The ease with which the Toyota delivers its power is supported by a six-speed manual gearbox, and this Mitsubishi is only available with a five-speed automatic gearbox. Unfortunately, an automatic Dakar was not available for this comparative test. The extra gear in the Hilux is endowed which adds to better fuel consumption over the Triton and can you toggle between driving modes (Eco, Normal, Power). The Triton may have fixed paddles behind the steering wheel with which you can change gears, but it does not offer the choice for different driving modes.

Even though the Hilux Dakar weighs more than the Triton Athlete and its power figures are a bit down, it still feels like the more powerful between the two.

mitsubishi triton athlete

                                                                Image: Warren Wilson

Like a bakkie

But it’s on the road that you really see what the two bakkies have to offer. Both are equipped with 4x4 systems that can be activated with the turn of the dial, but these bakkies are more than likely to spend their time on tar and in the suburbs.

As is fitting of a good bakkie, a ladder frame suspension underpins the architecture and at the rear leaf suspension to ease the carrying of a load. The negative of this setup is that when you do not have a weight resting on the rear axle, the bakkie will have quite a bit of shake on it when you drive over speed bumps or any other rough terrain. Yet, Mitsubishi managed to make its Triton’s suspension softer than that of the Hilux. Maybe those 240kg plays a role, but the bakkie has a much softer ride than the Hilux.

In the Hilux it feels like you’re driving a bakkie and the sheer size of the vehicle is pretty evident when you’re behind the steering wheel. Sight all-round is pretty good and you do feel a step above the rest when sitting in traffic. But you can’t shake the reality that this bakkie is big (which is definitely a good thing).

Not that the Triton isn’t big; it’s just that you would much rather feel as if you’re driving a car than something big and heavy. Passengers on the rear seat are usually your best point of reference when trying to understand the suspension setup, and the Triton did not generate as much critique as the Hilux Dakar.

Toyota Hilux fans are probably readying their pitchforks by now calling for my head, but Mitsubishi really did manage something to make its Triton different. Not everyone wants their bakkie to drive like a car or SUV, but given market trends and the direction of the market, Mitsubishi is on the right track.

toyota hilux dakar

                                                            Image: Warren Wilson


We can debate forever over which bakkie is actually the better option and each point made will carry weight and merit. Yet, one can’t help but wonder what’s so special about the Toyota Hilux that it attracts an access of 3 000 new buyers every month. There is an aura and mystique about the bakkie and what it provokes in people, but in this company it’s just not that special enough. Mitsubishi’s Triton Athlete, seen as a whole, is far more appealing than the Dakar. Even though the Dakar beats it in a couple of areas, it’s time to stop ignoring this other Japanese offering.

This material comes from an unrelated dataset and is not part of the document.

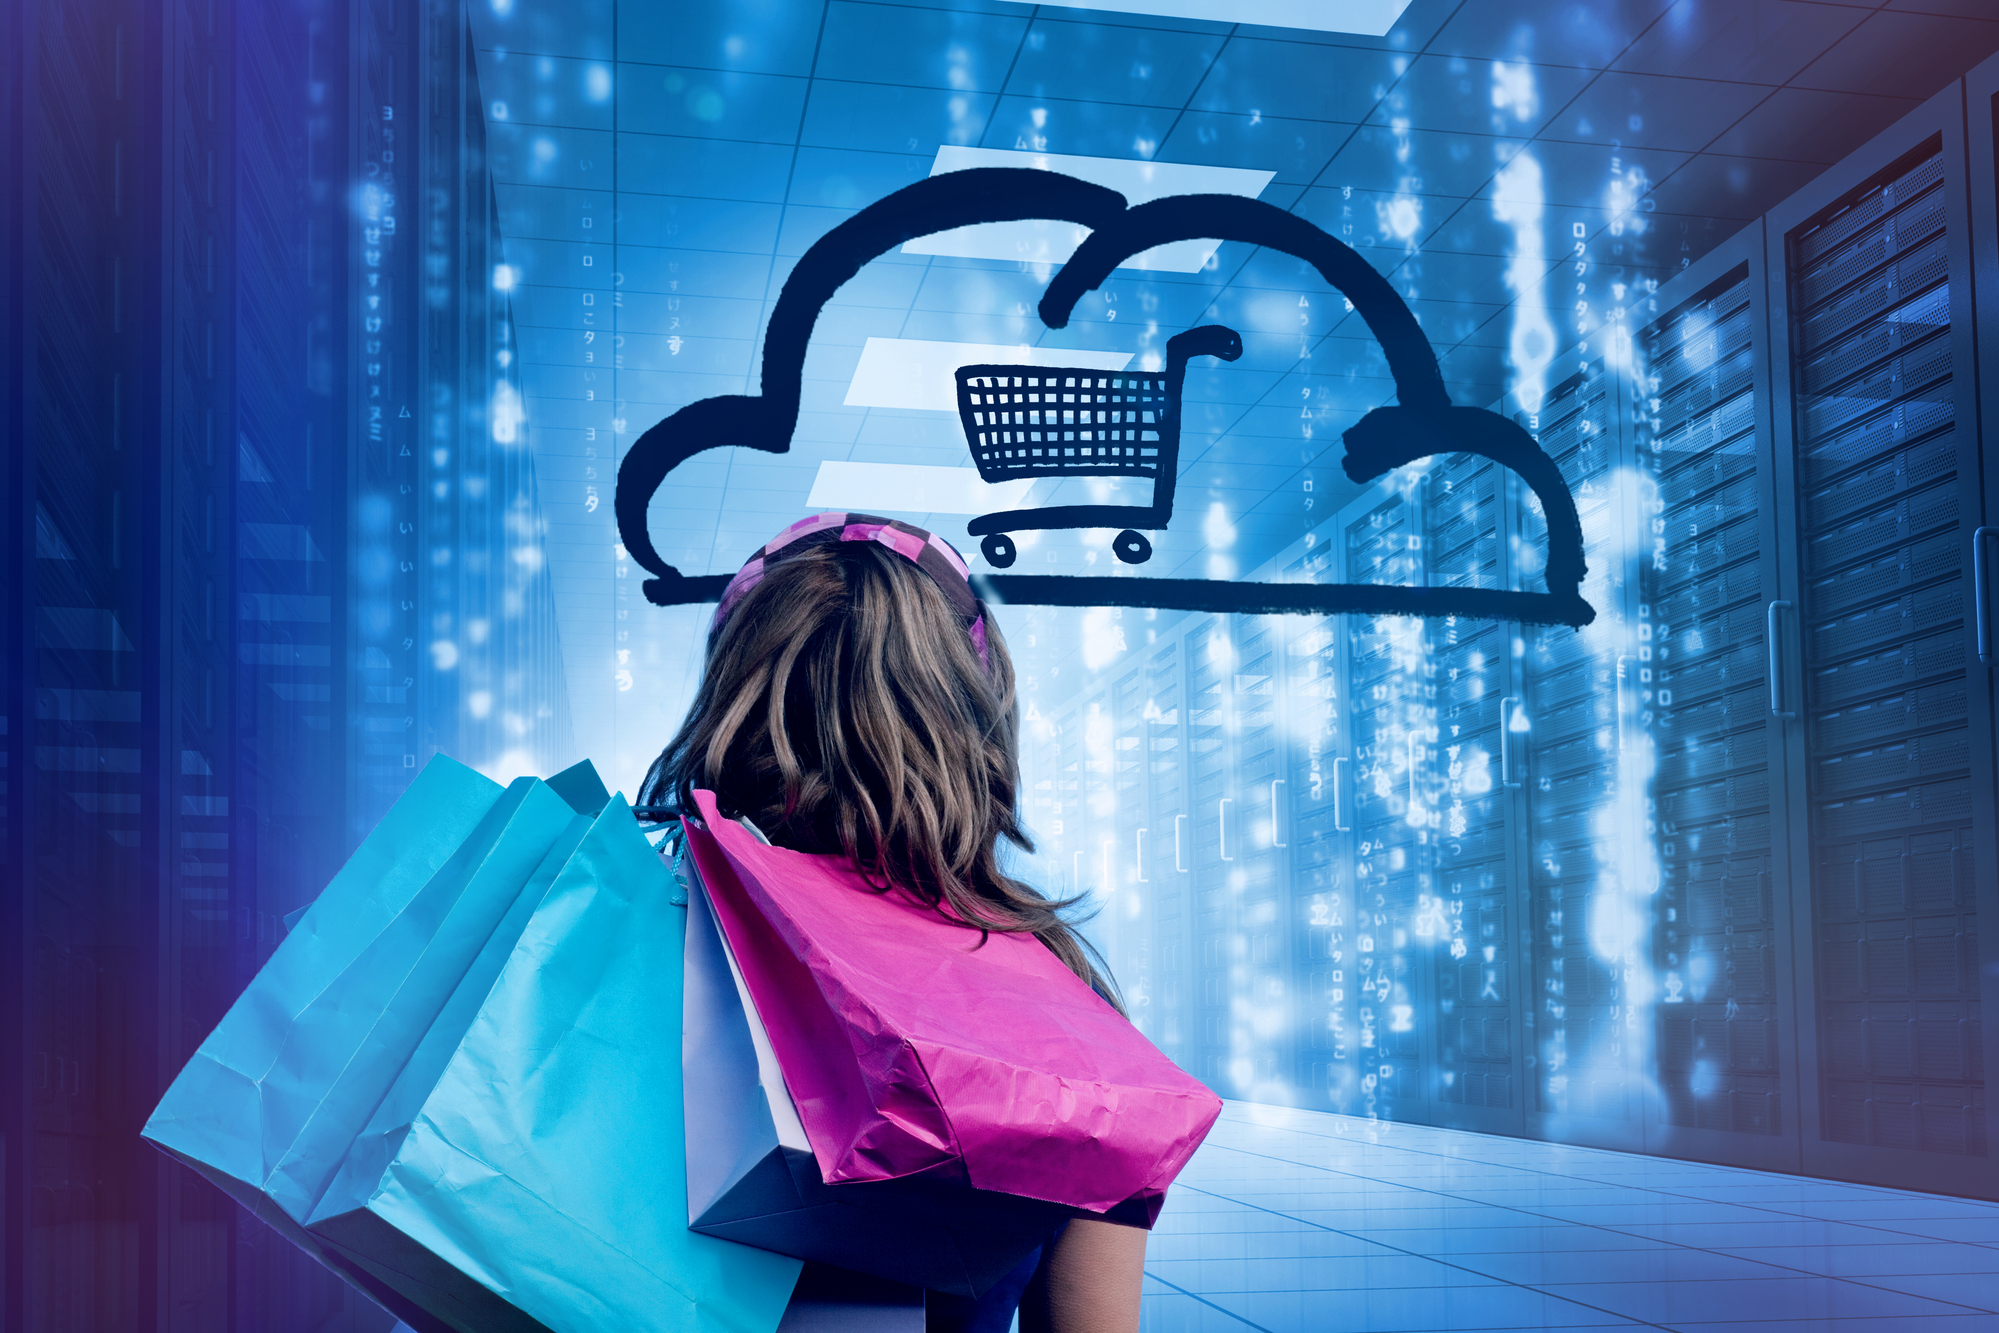 Woman-in-a-data-center-holding-shopping-bags-plus-digital-shopping-trolley

At R579 995 for the Triton Athlete and R601 100 for the Hilux Dakar Raider 4x4 (R621 000 for the automatic), you can’t look past the fact that the Triton’s package is better and more affordable than the Toyota’s.

Tradition, reputation, reliability, good trade-in value… all count in the Hilux Dakar’s favour and they’re reasons enough to consider it. But, the Triton Athlete sheds new light on this segment and it would be a mistake to not at least see what the market has to offer.